The bill was proposed by Senator Jill Duson of Cumberland and cosponsored by nine other legislators, including Senate President Troy Jackson, who represents District 1 in Aroostook County.

This is not the first time legislators have attempted to pass a bill of this nature. An act with nearly identical language died in the house in 2022 when the legislature adjourned.

Proponents say the products entice children to take up smoking by drawing them in with flavors that include cotton candy, bubble gum and mint.

“We were slowly starting to release the grip on commercial tobacco products, and then e-cigarettes were introduced,” Chastity Holland a Tobacco Prevention Community Educator with the Aroostook County Action Program said. “And the unfortunate part of e-cigarettes is that they’re sleek little devices that are trendy and attractive and have these flavors, different things that youth, adolescents, teens, young adults are all attracted to.”

Educators like Holland from ACAP’s Drug Free Aroostook program seek to teach area youth about the dangers the products pose.

“It’s kind of like, if you’re in a room full of candy, and if you’re in there, would you just take one piece, or would you take as many as you can, and most of the kids had the same answer, they would take as much as they could,” Kayden Lovely, a 10th grader who has taken part in the programs said. “It’s kind of like the same thing with vaping.

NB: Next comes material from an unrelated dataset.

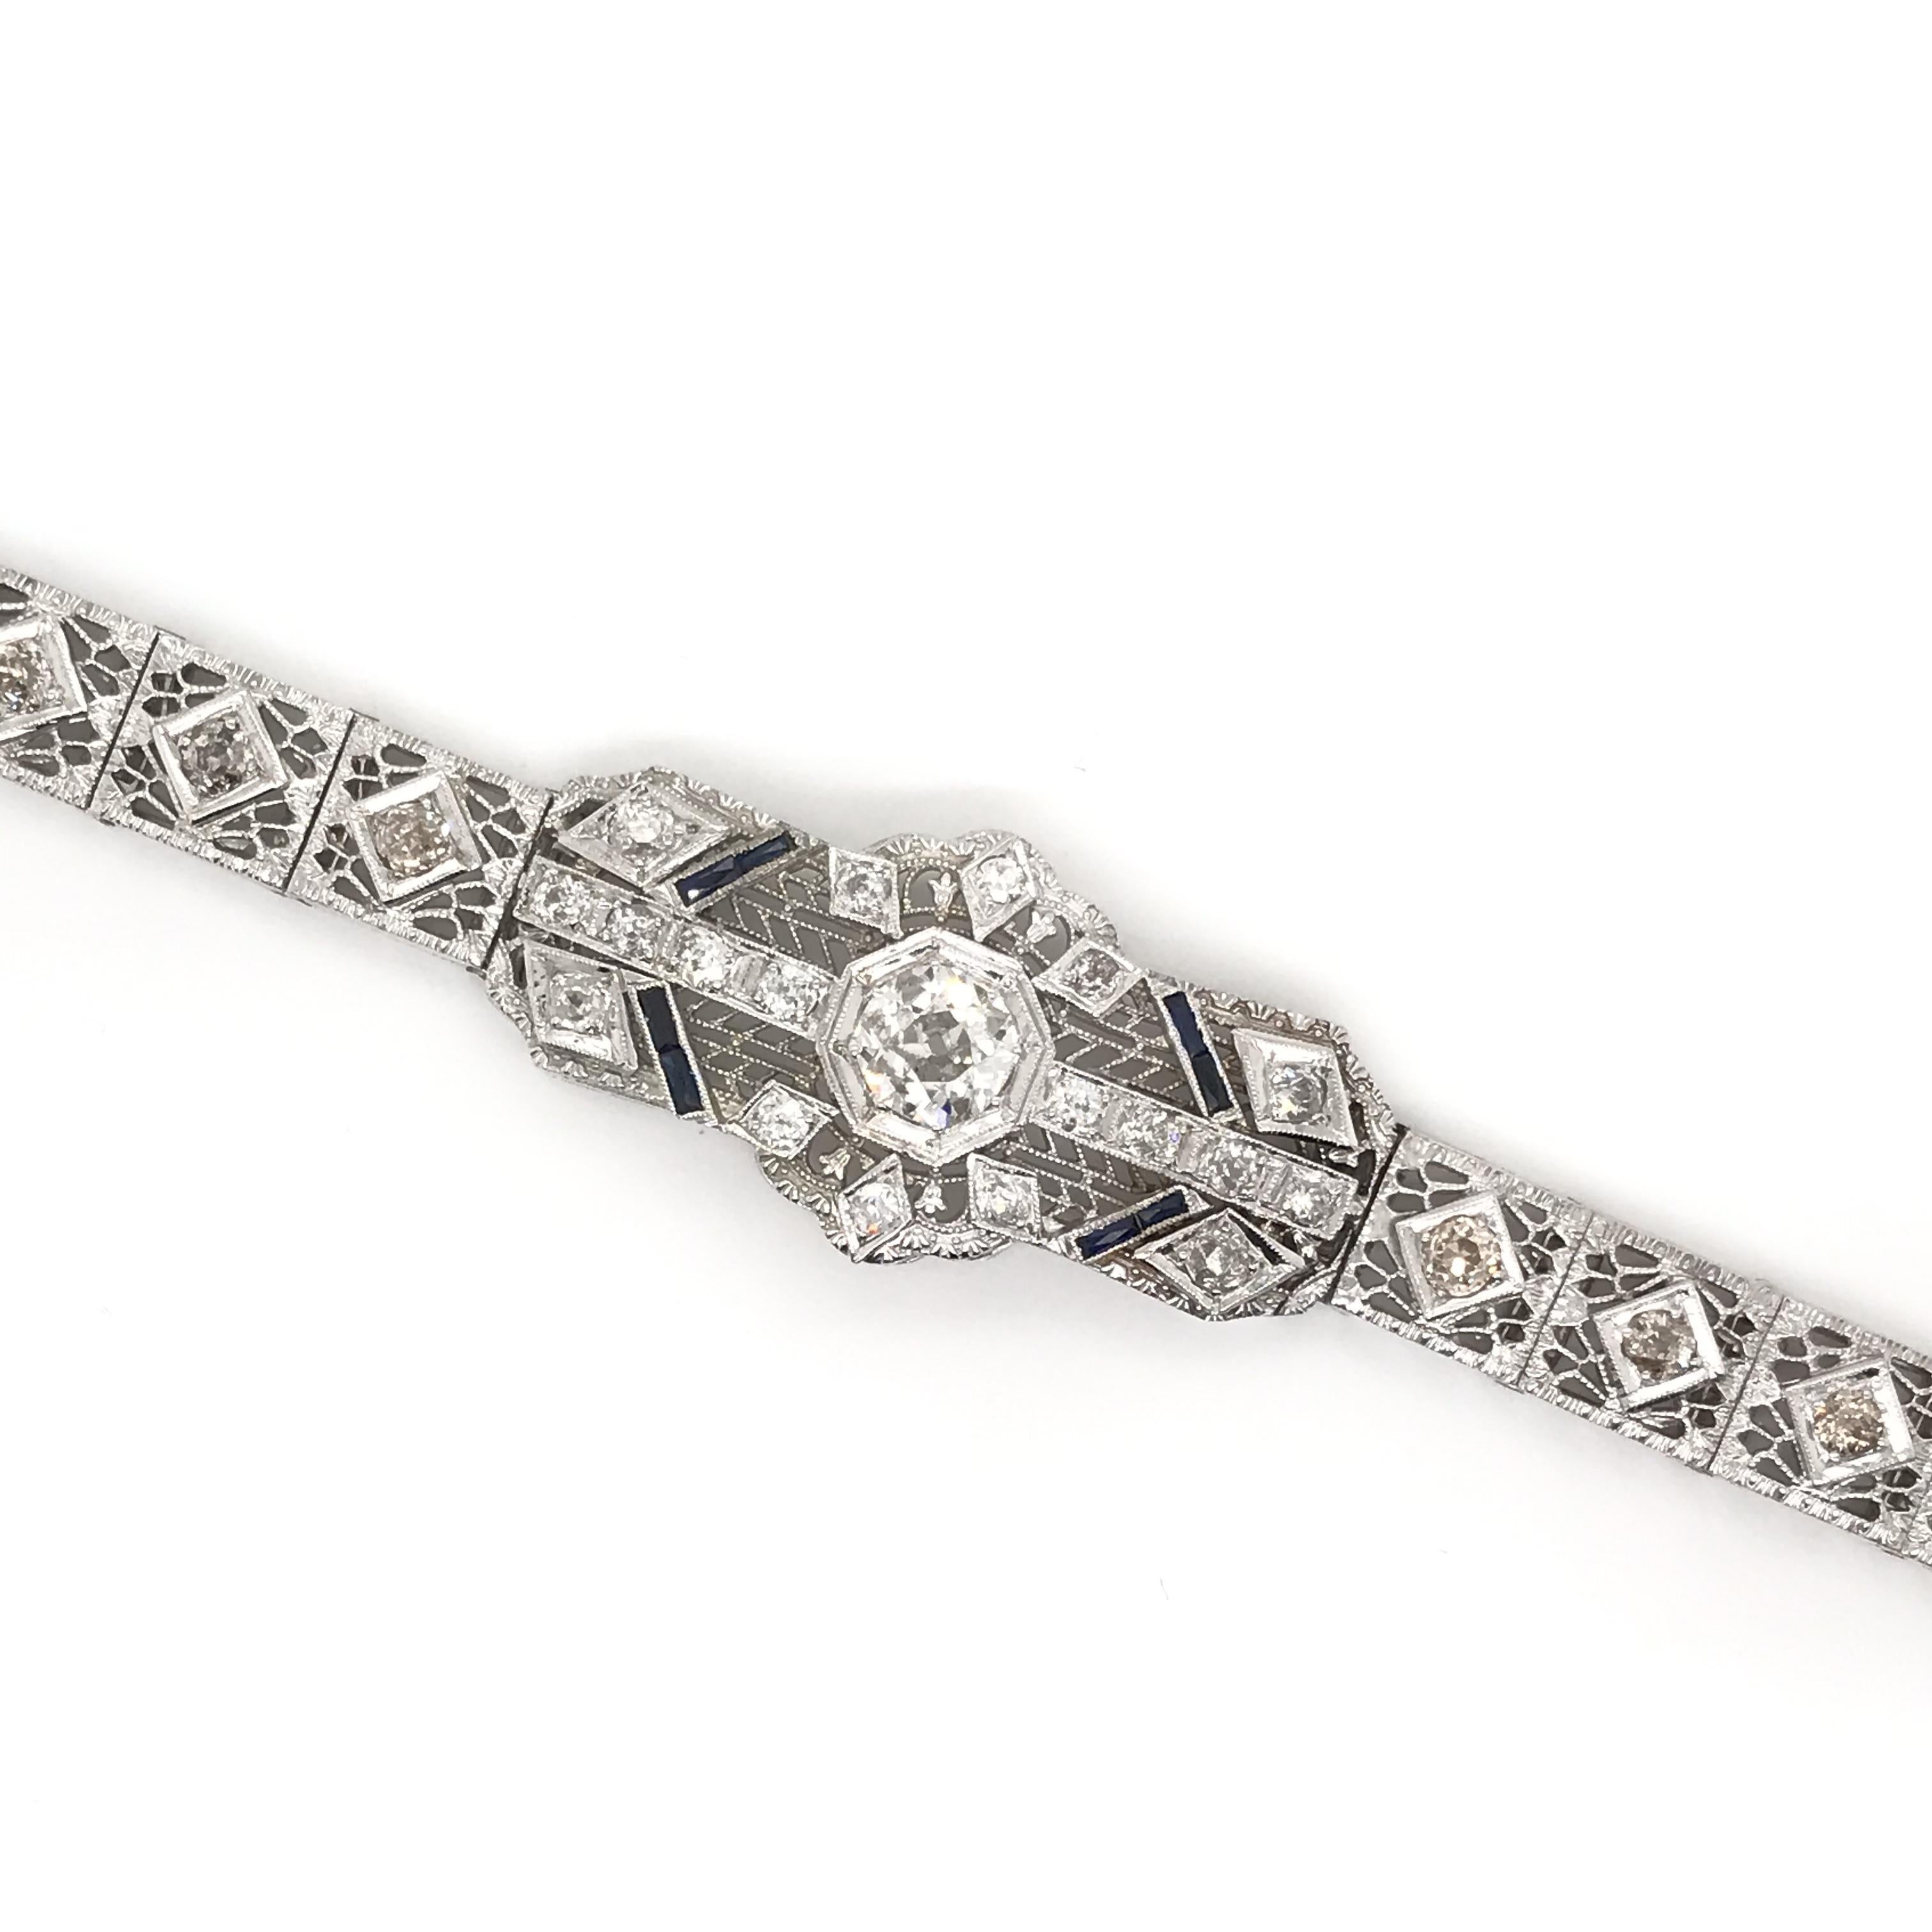 This exquisite antique piece was crafted sometime during the Art Deco design period (1920-1940). This phenomenal antique filigree bracelet features 27 diamonds including a center diamond measuring approximately 1 carat. The diamonds are antique Old

Instead of just trying it once and getting done with it, it’s kind of an ongoing habit and you take as much as you can.”

But on the other side, some say the bill is taking things too far, cutting into business profits and tax revenue while not getting to the heart of the issue.

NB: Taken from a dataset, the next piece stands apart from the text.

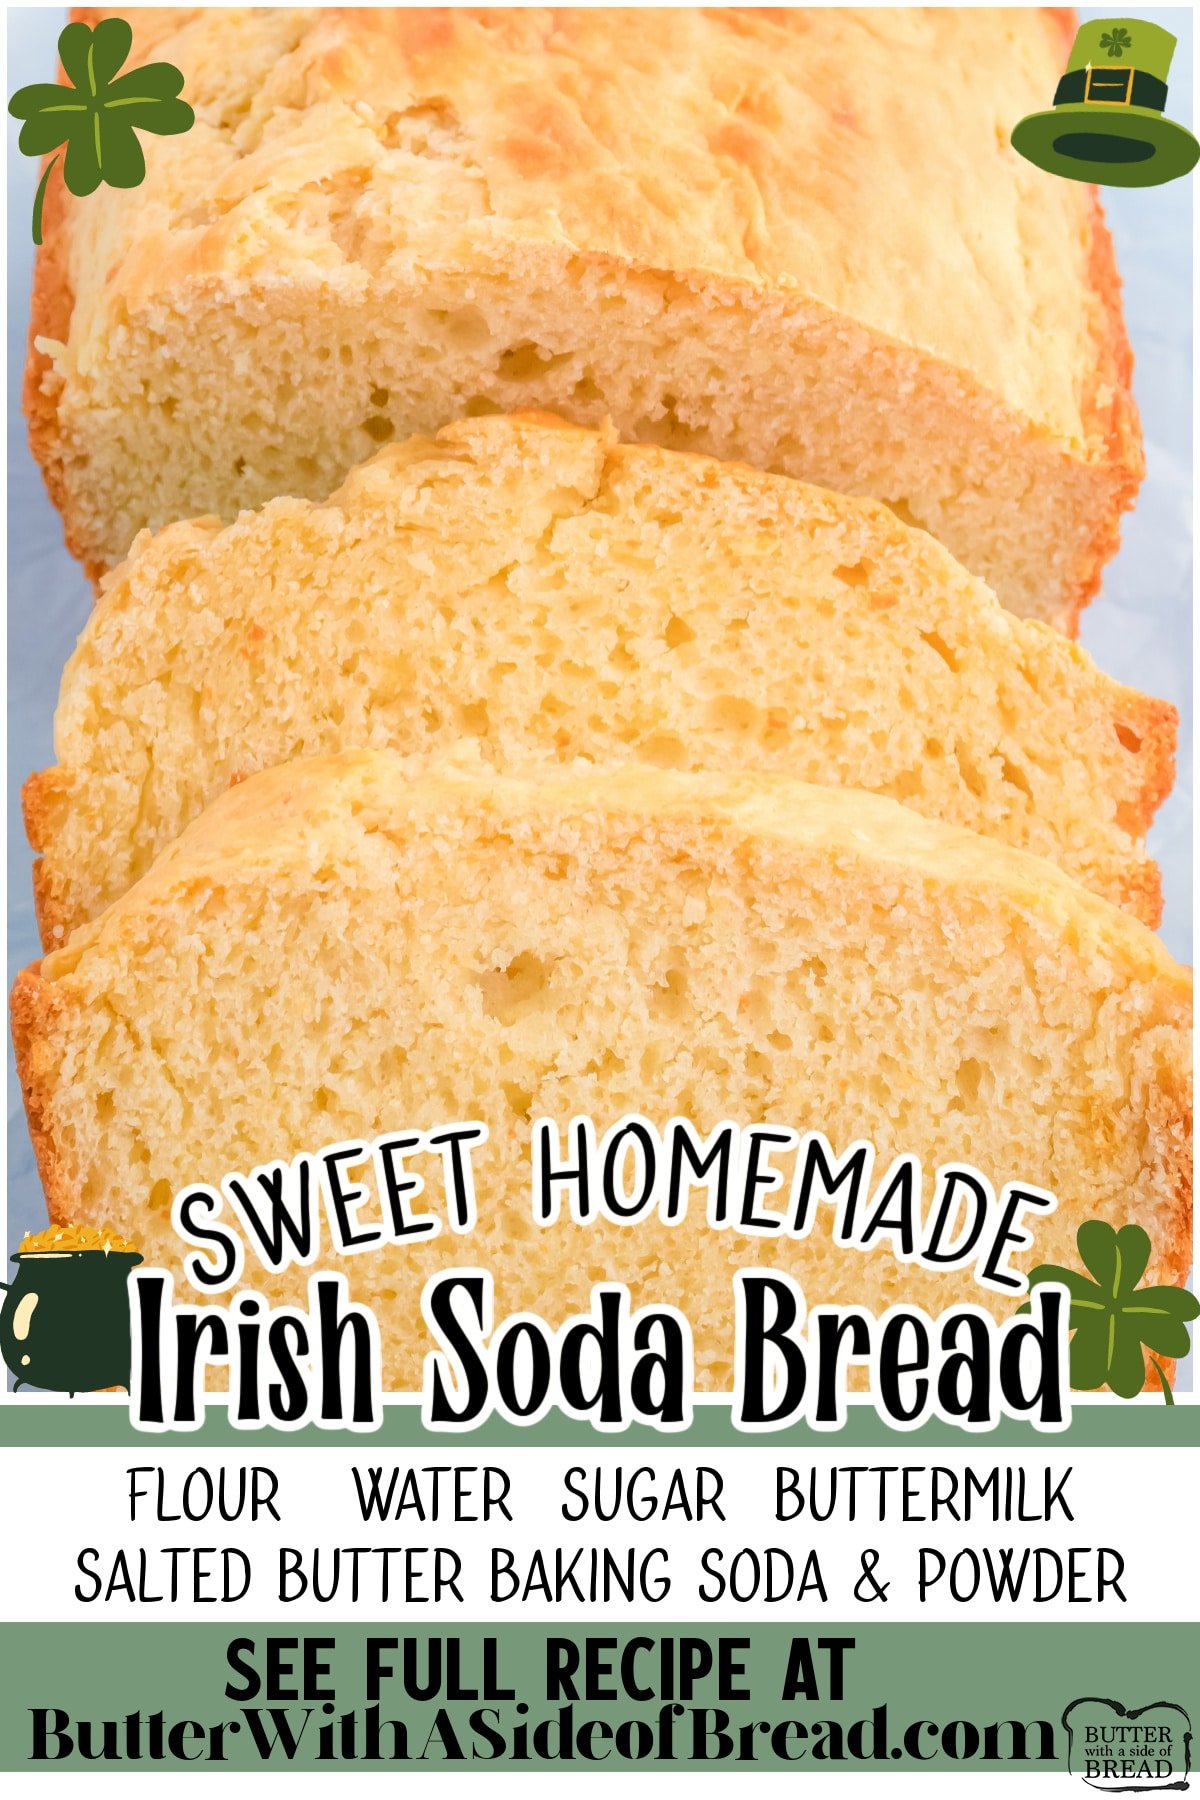 Sweet Irish Soda Bread is a fun twist on classic St. Patrick's day recipe! This easy Irish soda bread is more sweet and moist than traditional fare and is lovely served warm with butter.

“The financial impacts of this legislation that would ban all flavored products to the state of Maine would be roughly $30 million,” Peter Brennan, executive director of the New England Convenience Store and Energy Marketers Association said. “We know that because we’ve seen Massachusetts do it, and we’ve seen all of the tax revenue that they were collecting on the sale of flavored products go out of state.”

Brennan also cited that Massachusetts has yet to see a decline of youth usage rates since its law went into effect in 2020.

A date for the bill to enter the Maine legislature has yet to be set.